We had a call flow where a “Billing Service” makes a call to a “Carrier Integration Service” for charging which in tern makes a call to an external-internal Notification Service (a shared service hosted by a different unit) to send notification to user, after firing the charging request to the carrier. It worked fine for years, until one day this external-internal service suddenly slowed down, timing out all the calls from Carrier Integration Service, which in tern caused a time out on Billing Service, which treated it as a failure and ‘retried’ the billing call. The issue got flagged in minutes, but hundreds of users were charged multiple times that day before the team could respond.

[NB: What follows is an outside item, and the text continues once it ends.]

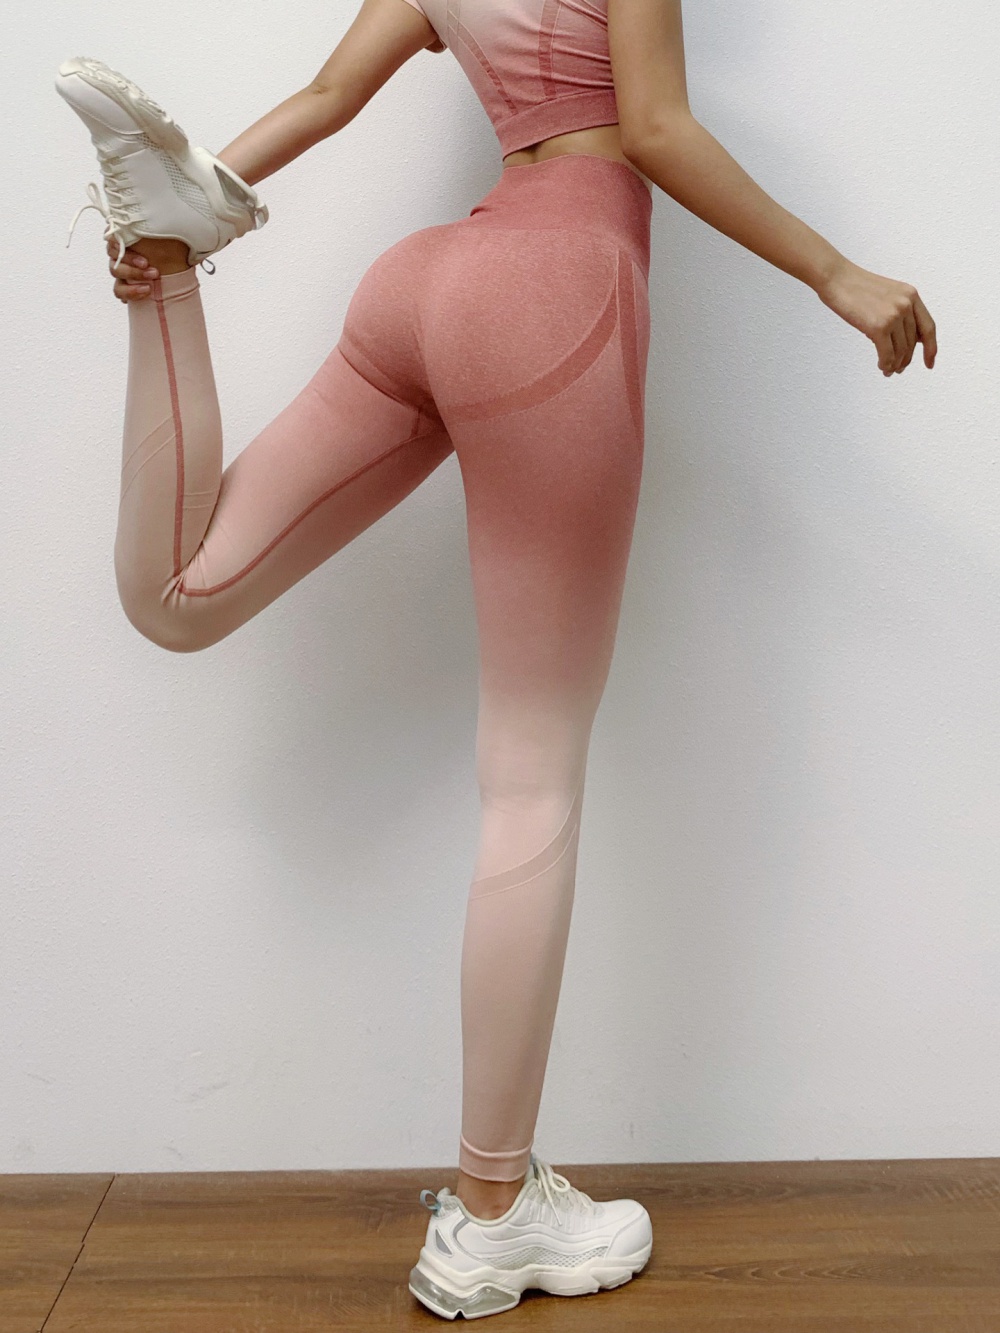 Tight gradient yoga pants hip raise pants for women

There were a whole lot of things that went wrong here. There were feedback issues, which likely occurred due to network issue, giving rise to perception issues and finally causing a cascade. The worst thing though, was the cascade.
Case study 2
Another such story, not so grave, was when the Billing Service sent a request for partial charging, but the Carrier Integration Service denied honouring it. Both services used enums to identify the keyword used, both had integration tests and all worked fine. It was only after the services were tested against working instances of one another, in a pre-prod environment on a crunch day that it was identified. The issue was stupidly simple, both services used different value for the constant! Again a whole lot of things that went wrong here, most important was the perception issue caused due to the miscommunication between the teams working on these two services.
The Solutions
Discussing every step identified to fix the case studies we saw will be a story in itself, we shall discuss the first solutions applied to the most glaring causes in both cases. For the cascade, we made it a point that every service will implement Hystrix for every single inter-service communication call. Hystrix is a circuit breaker, meaning it wraps a chunk of logic (say a method) and on exception it can flag, throttle, block and bypass the method in question. The idea is to wrap the calls to external services, aka dependencies, and when something goes wrong give them time to recover by bypassing calls and safeguard the sender service from cascading the issue. We had hystrix is some services, but some teams had argued that it is an unnecessary complication for internal services and services that have been working fine. Well, that was before the incident. Everyone just jumped on it as the first change once we recovered from the impact. In my view, circuit breaker is a tool microservices should never be built without. As an additional safety net, we also ensured that the Carrier Integration Service builds a temporary cache of all the users it processed and validate against it before it fired any call (Not every solution to any problem is purely technical!).
For the perception issue, we need to ensure that post encode-decode the receiver understands the same thing as the sender meant. We had hosted stubs against which we tested the services in automation testing phase. These stubs were dumb services implementing the same API as the service they stubbed. These were developed by whichever team needed them, essentially Billing Service team would never develop the stub for the Billing Service; which caused the discrepancy in the stub and actual service behaviour. This had to change, the team developing Billing Service was to be responsible for developing the stubs for Billing Service and team for Carrier Integration Service for it’s service stubs. This way, the stubs always perceived the same as the actual service did.
Now how do we address intra-team communication problems, anyone?